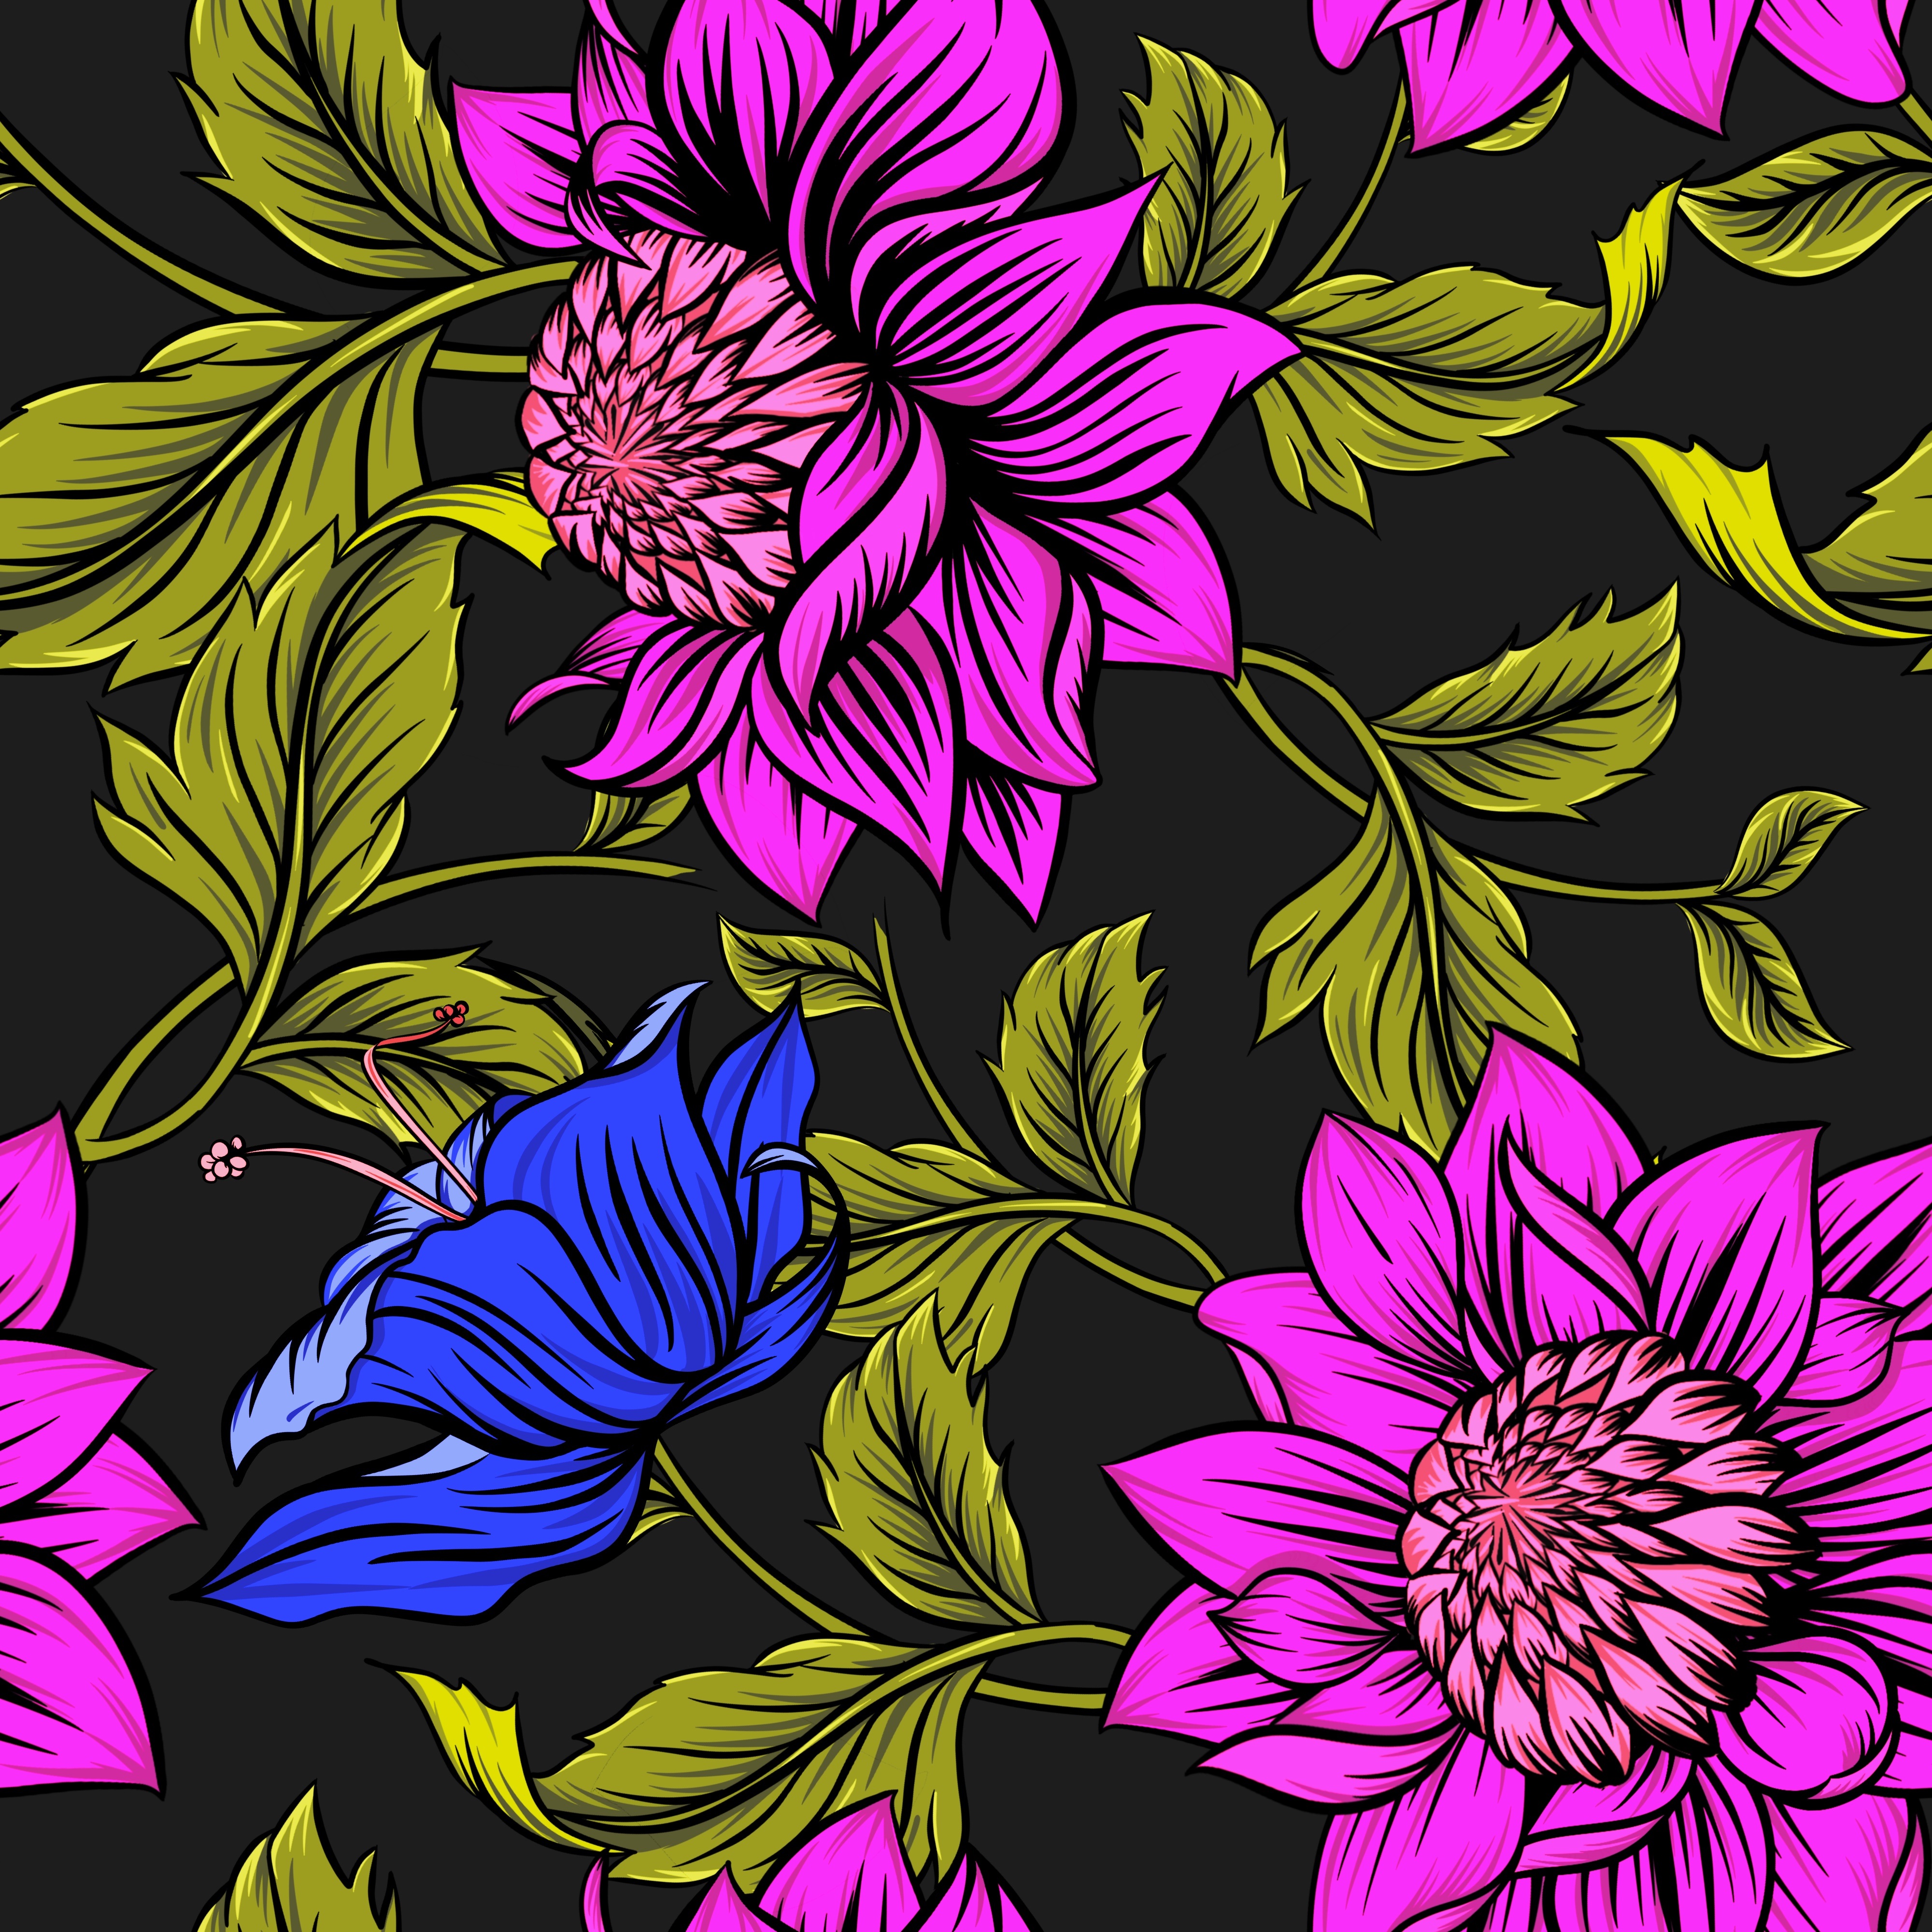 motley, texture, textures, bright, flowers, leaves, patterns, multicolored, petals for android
--
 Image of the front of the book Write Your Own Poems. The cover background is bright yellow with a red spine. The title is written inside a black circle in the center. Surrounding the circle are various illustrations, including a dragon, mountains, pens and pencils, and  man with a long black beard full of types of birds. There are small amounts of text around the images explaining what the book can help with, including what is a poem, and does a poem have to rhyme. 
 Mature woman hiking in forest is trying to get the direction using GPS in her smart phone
--
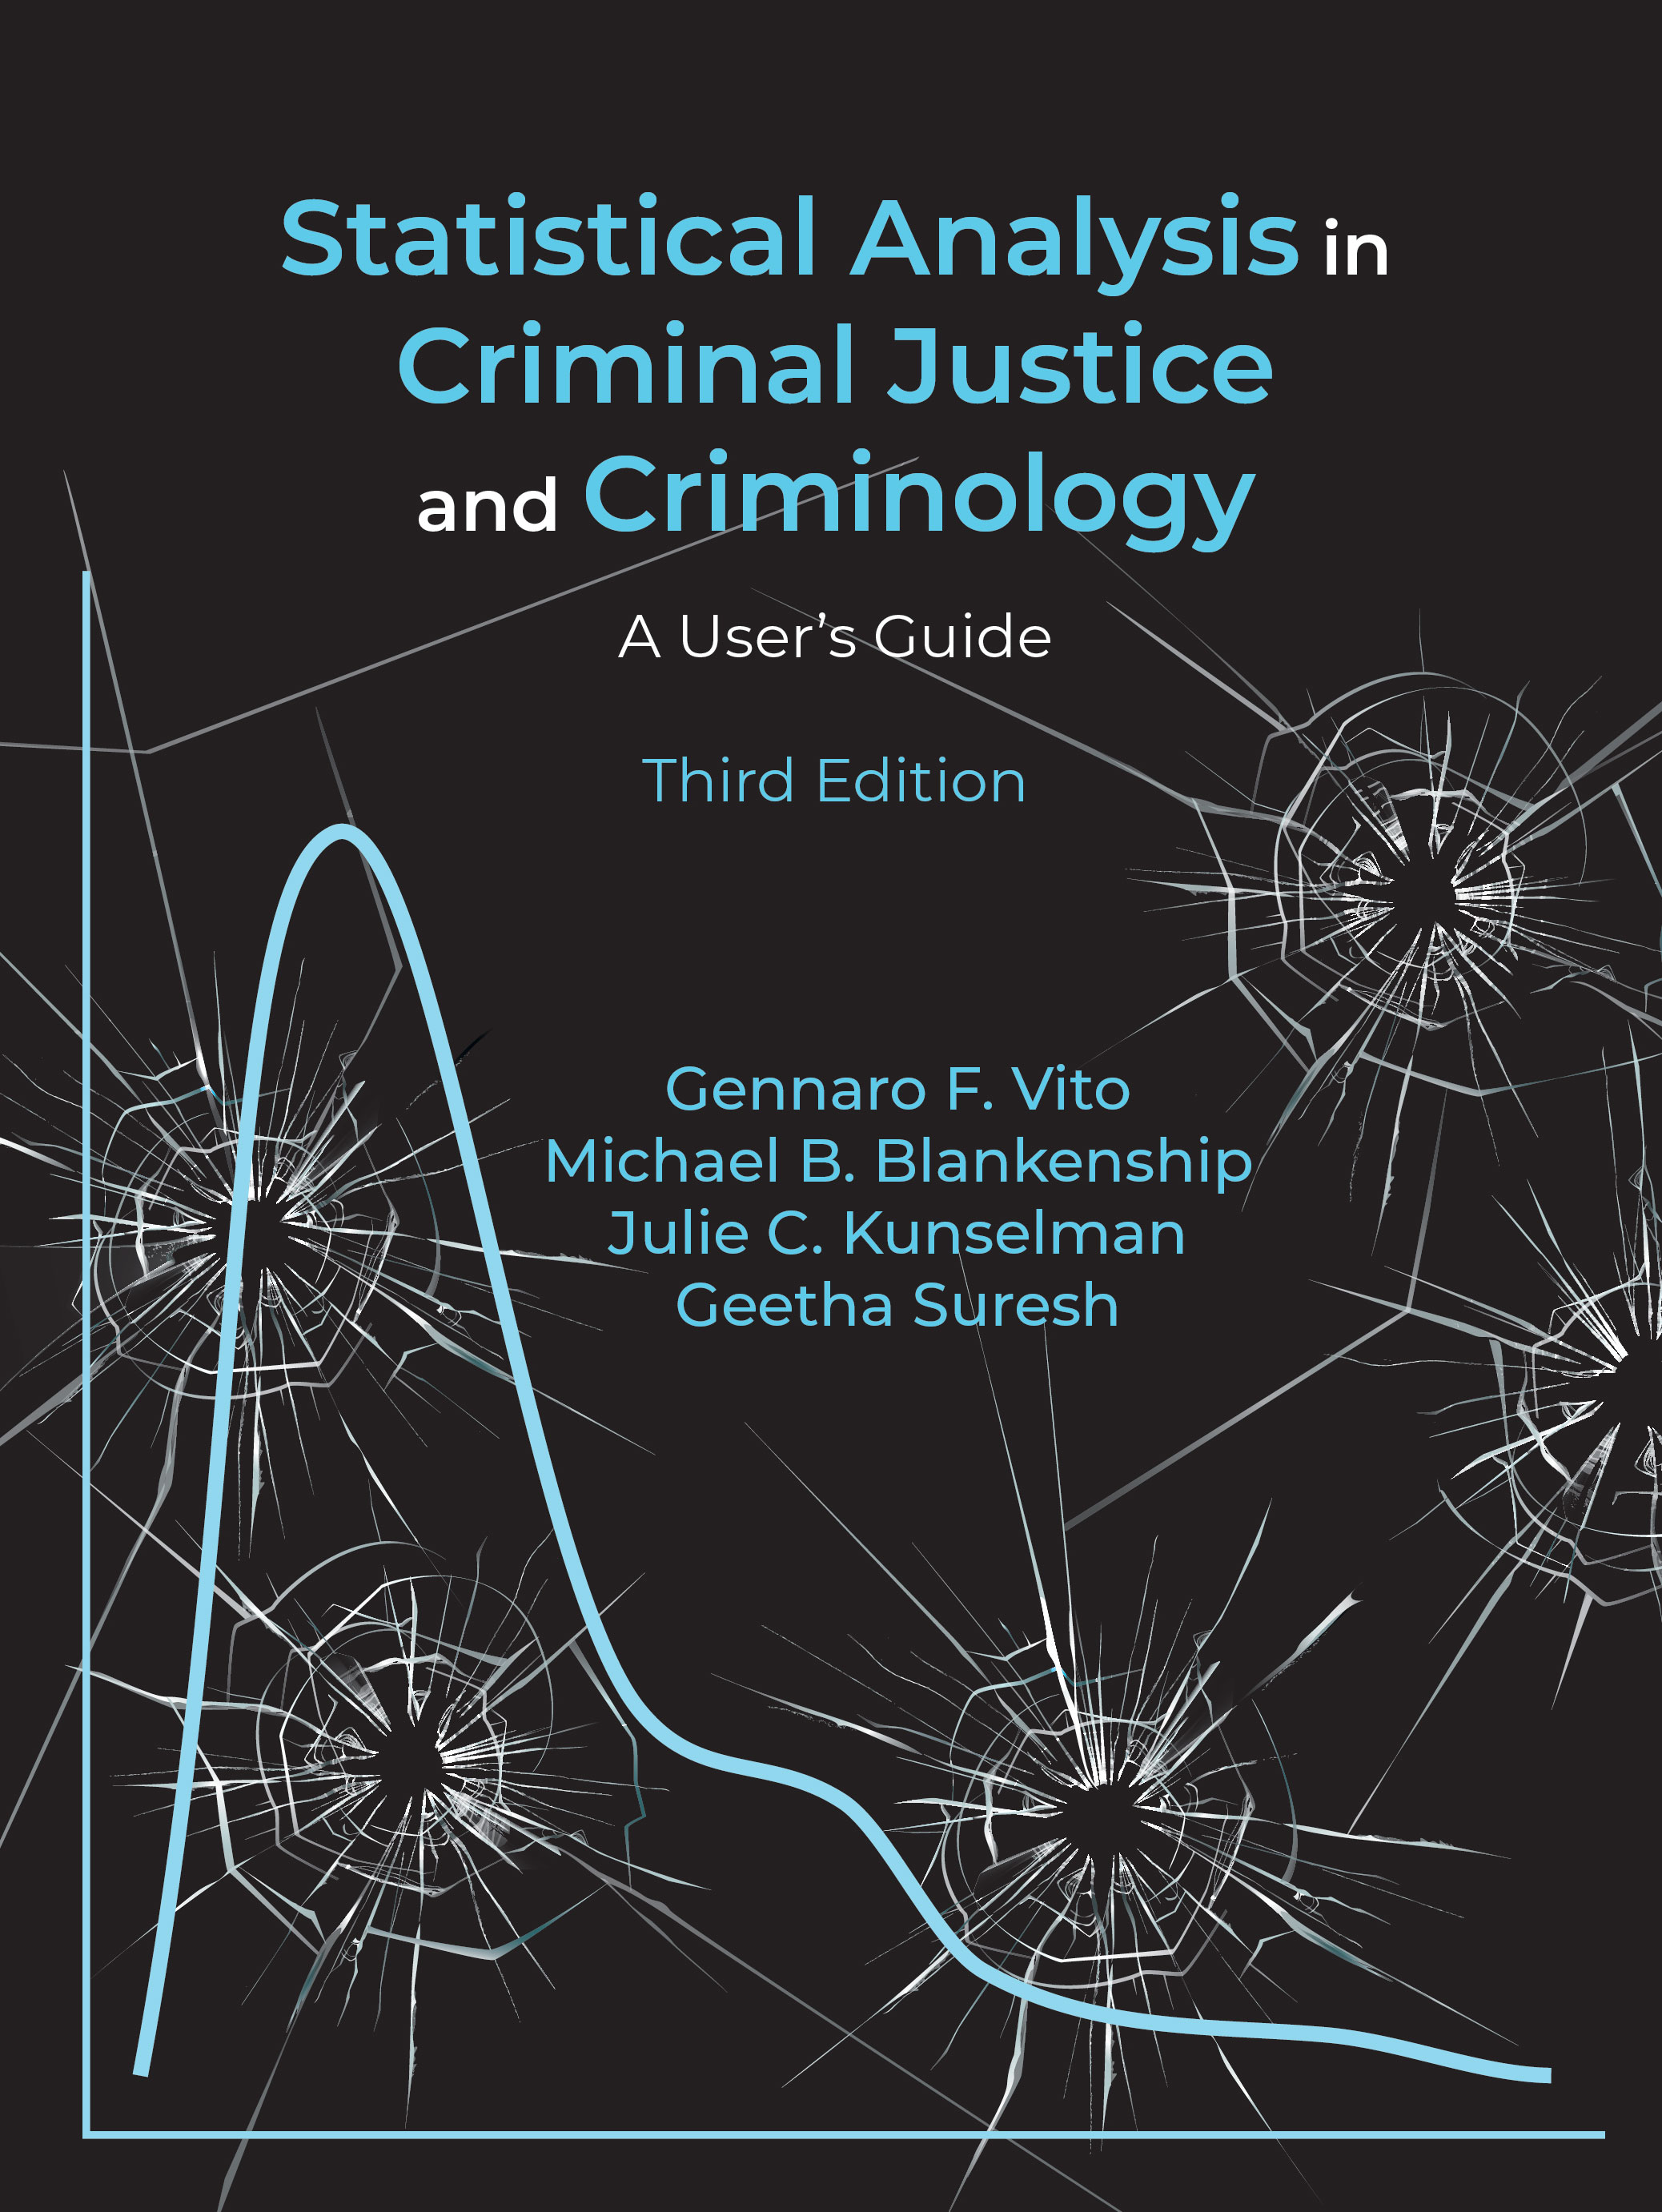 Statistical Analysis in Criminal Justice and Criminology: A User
--
Beginning with the line that has "Image of the" and ending with the line that has "Mature woman hiking", set down the lines above exactly and include no others.

EXERCISE ANSWER.
 Image of the front of the book Write Your Own Poems. The cover background is bright yellow with a red spine. The title is written inside a black circle in the center. Surrounding the circle are various illustrations, including a dragon, mountains, pens and pencils, and  man with a long black beard full of types of birds. There are small amounts of text around the images explaining what the book can help with, including what is a poem, and does a poem have to rhyme. 
 Mature woman hiking in forest is trying to get the direction using GPS in her smart phone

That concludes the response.